Task prompt:
All that is wanted is the line with "Victory - Green & Orange by" and each line after it to the end of the data below, set down exactly and without pictures.

Provided data:

○ ○ ○ ○ ○

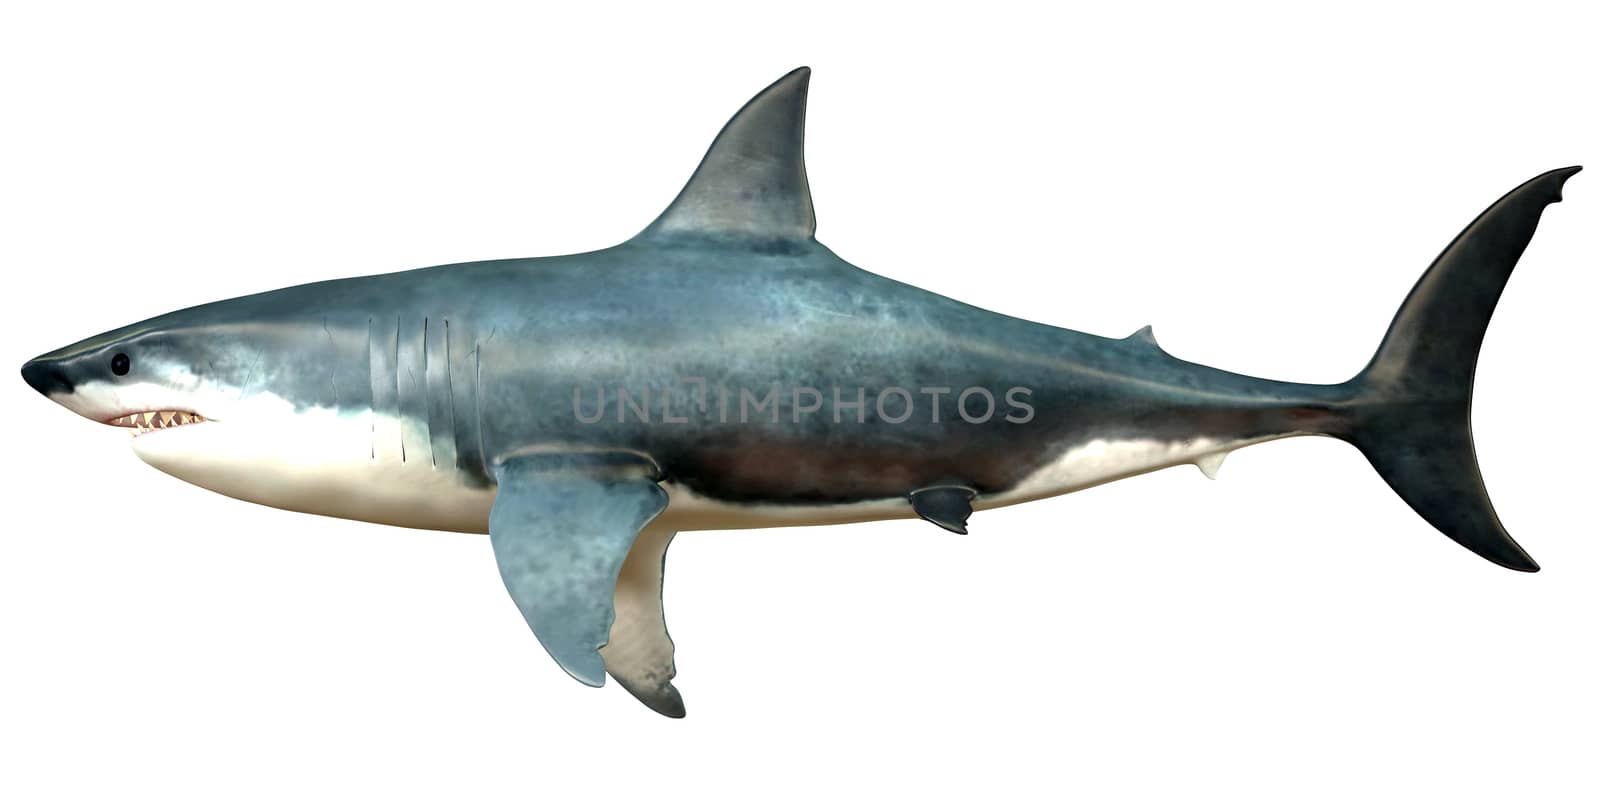 Megalodon is an extinct species of shark that grew to 18 meters or 59ft and lived in the Cenozoic Era.
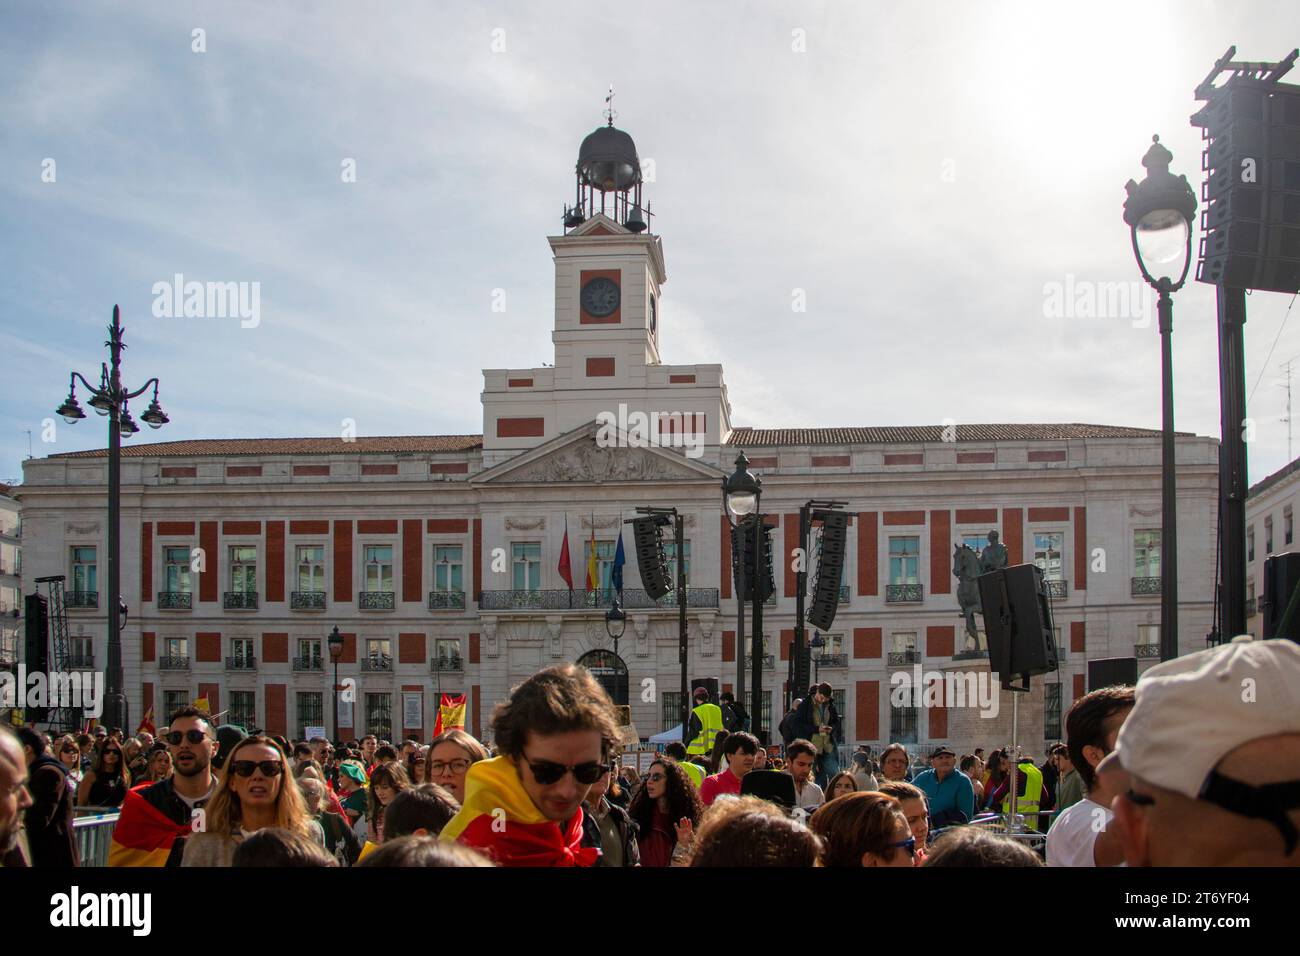 Different images of a demonstration held in Madrid at La Puerta del Sol where different people can be seen walking through the city carrying Spanish f Stock Photo
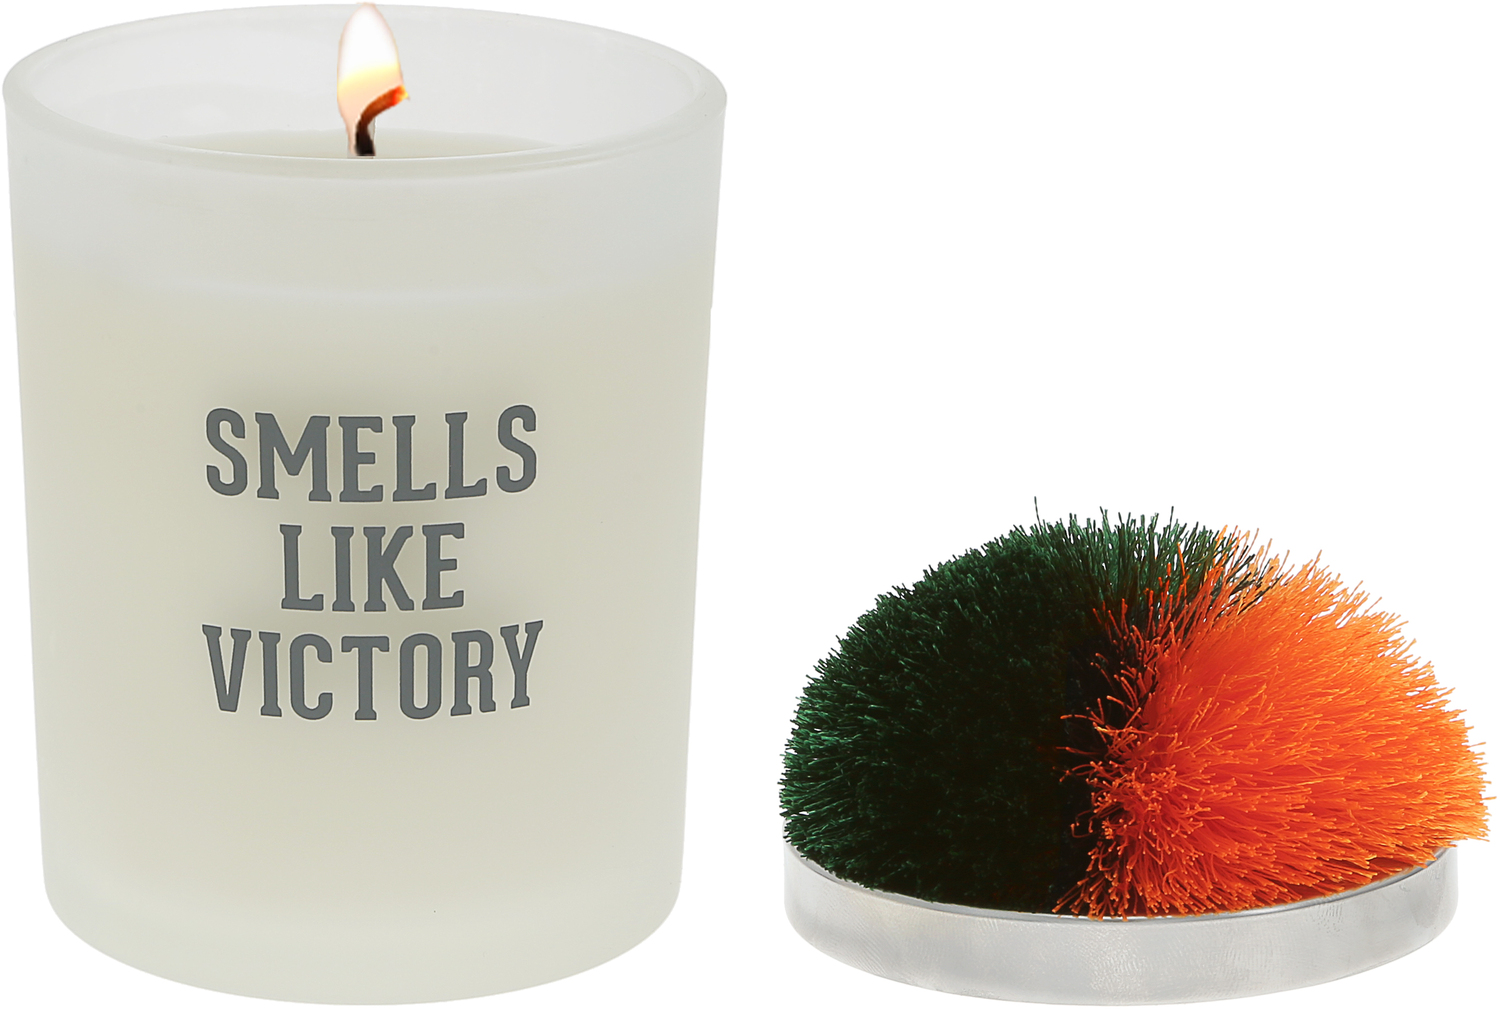 Victory - Green & Orange by Repre-Scent - Victory - Green & Orange - 5.5 oz - 100% Soy Wax Candle with Pom Pom Lid
Scent: Tranquility

○ ○ ○ ○ ○

Result for this task:
 Victory - Green & Orange by Repre-Scent - Victory - Green & Orange - 5.5 oz - 100% Soy Wax Candle with Pom Pom Lid
Scent: Tranquility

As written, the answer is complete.